PS: I got the impression from my brother-in-law he had an Apple tech check out the dead laptop, and was told it seemed to have a cracked motherboard. And so the only solution would be buying a new and supremely expensive motherboard replacement.

Well, I had to get pretty intimate with this Powerbook to extract the hard drive. And I could find no crack in the motherboard. Plus, I saw no signs the Powerbook had been disassembled for such an inspection since it left the factory, either.

I did see evidence of maybe some foreign material here and there inside the device. Bits of a sort of light colored powder, like I recall seeing sometimes collect around car battery terminals decades back. Maybe that's normal: I have no idea what's normal for laptops. But in all the desktops I ever explored the innards of, I didn't come across stuff like this. But dust, dust bunnies, and even bugs and spider webs instead.

I can't help wondering now if that laptop was really dead when I took it apart. And wish I'd done some online research and more hands-on experimentation first in that regard.

Especially after I recalled somewhat later that the desktop G4 had acted precisely the same as witnessed for the laptop, a few years back. And I think we overcame that by removing the PRAM battery for 8-12 solid hours. Hmmm...
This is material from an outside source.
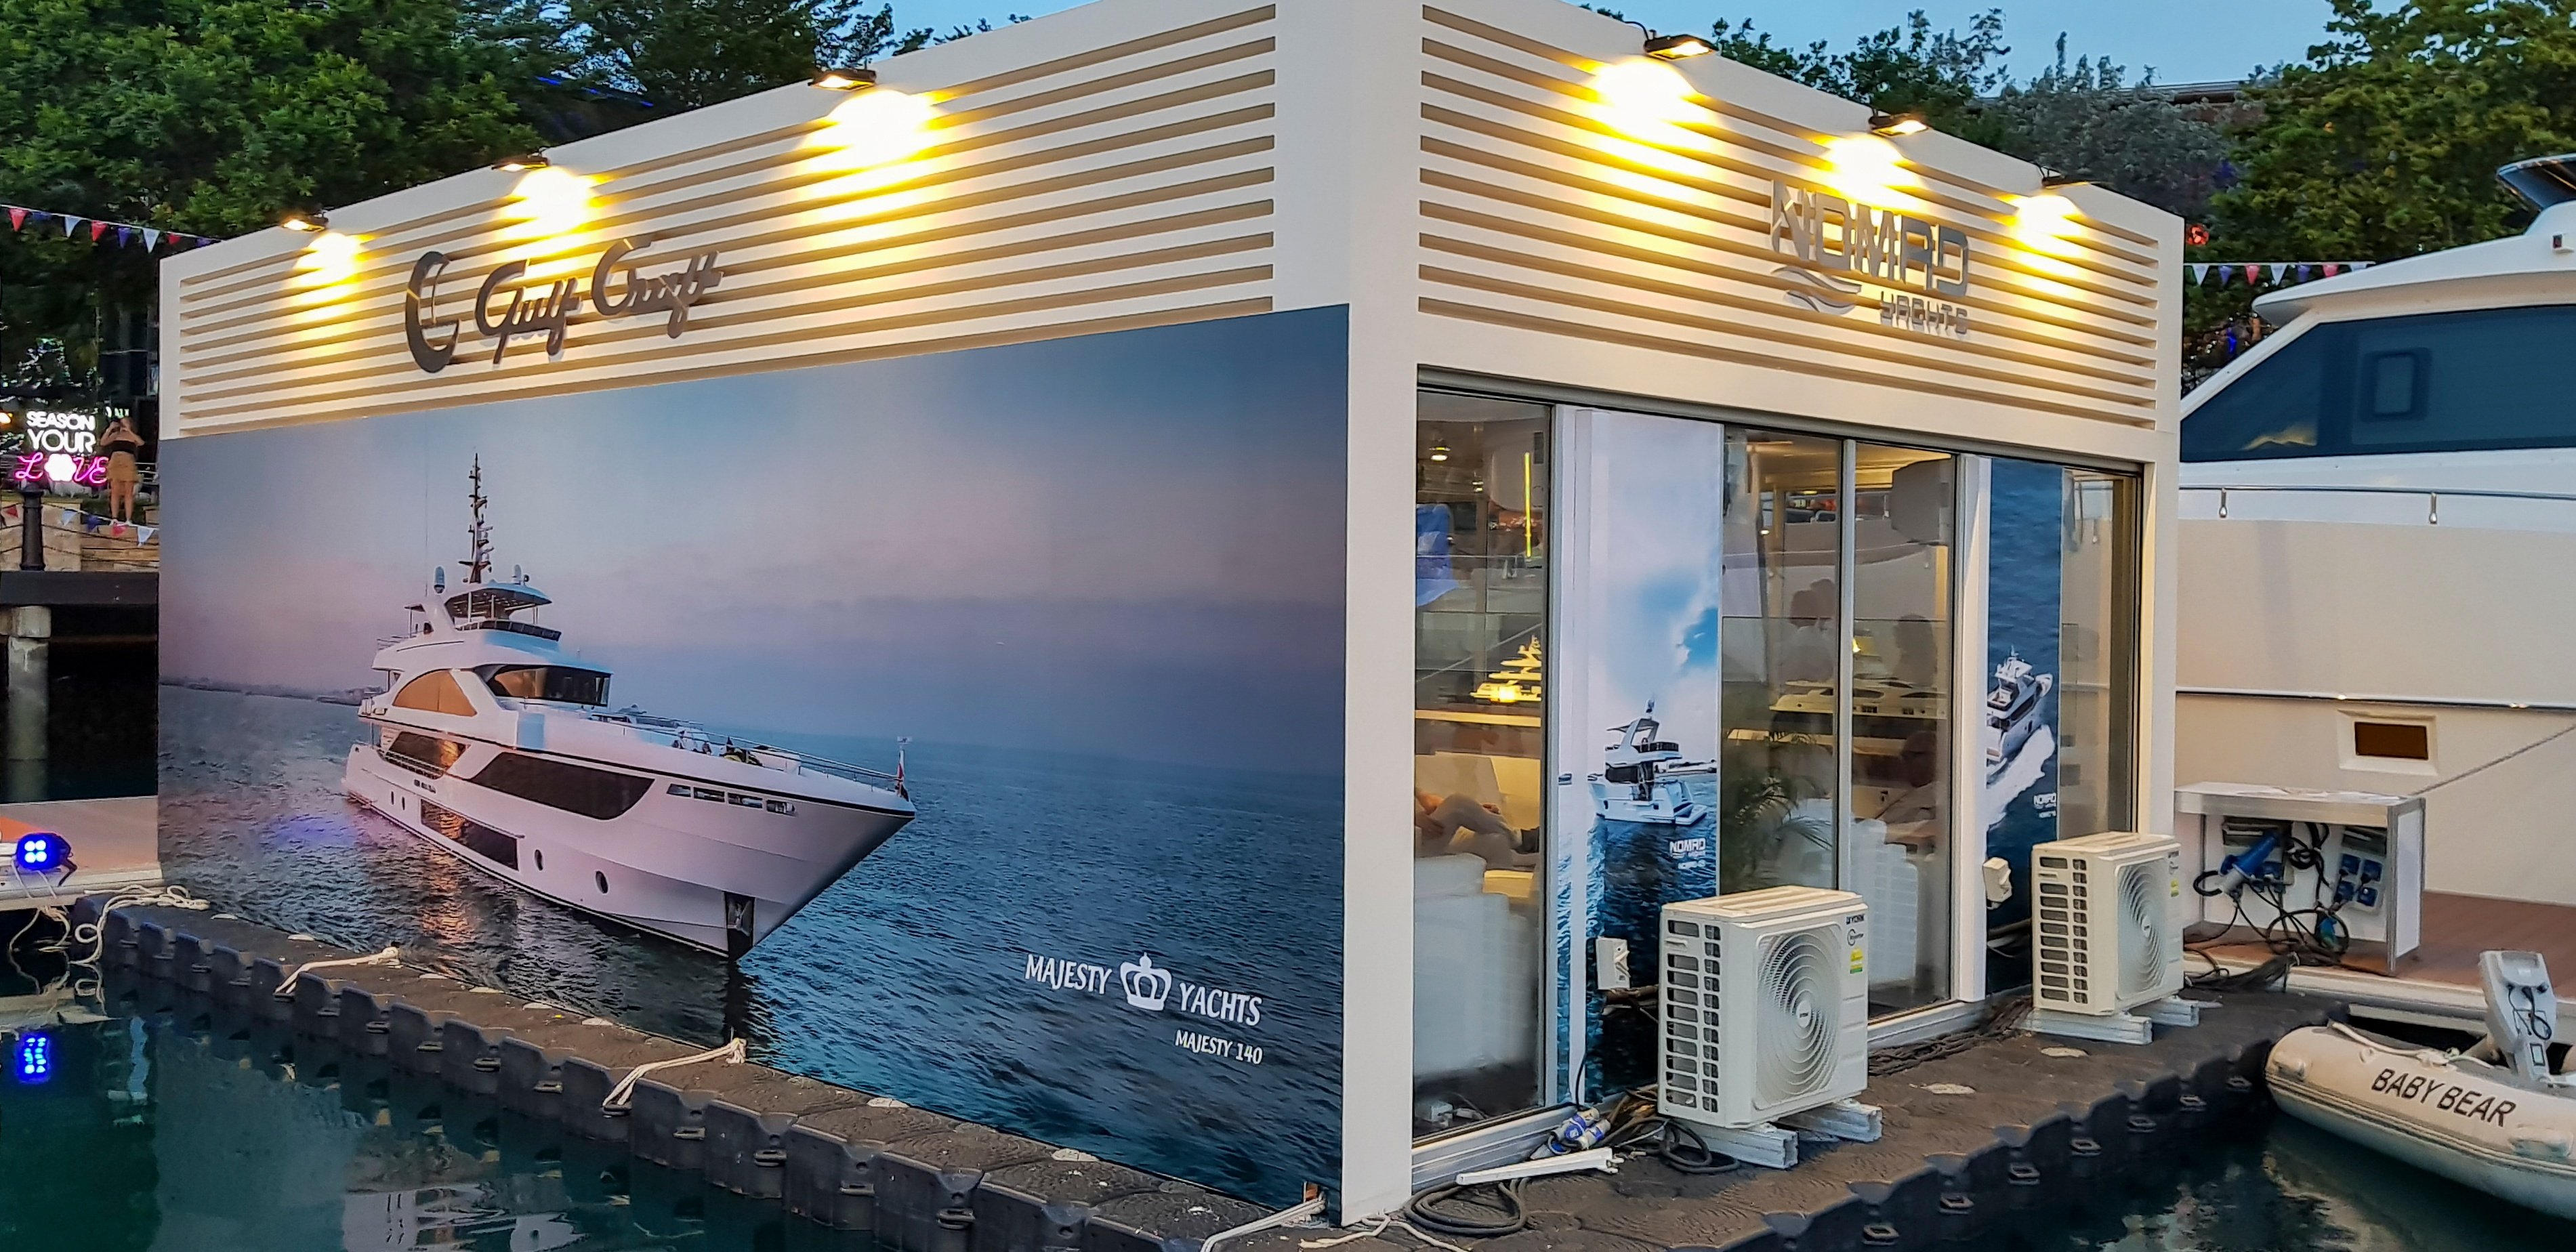 Gulf Craft at Singapore Yacht Show 2018 Day 1 (13).jpg

Well, as I tried to be cautious in my disassembly, a reassembly and further repairs for the laptop are not entirely out of the question. Once my brother-in-law gets his iTunes off the salvaged hard drive, I may ask him if he wants to leave the hard drive and other pieces of the laptop here with me to dabble with over time, to see if I can bring it back to life in an economical fashion...

As I lucked out and got a discarded 120 GB external hard drive to alleviate the mounting disk space crisis on my PC, I no longer have the interest in the old laptop drive for my own possible use, as I did some weeks back.

I also loathe laptops for my own personal use, for reasons I've listed elsewhere on site in previous years. So about the only interests I'd have in trying to get the laptop running again now would be curiosity, the geek challenge, and re-empowering my brother-in-law with the portable computing power he once possessed-- as well as helping him recoup the enormous investment I know he must have in the machine (Apple laptops are notoriously expensive).

Plus, I guess I'd get some small satisfaction in whatever extra revenue I might prevent Apple/Steve Jobs from collecting due to yet another dead Powerbook existing in the world.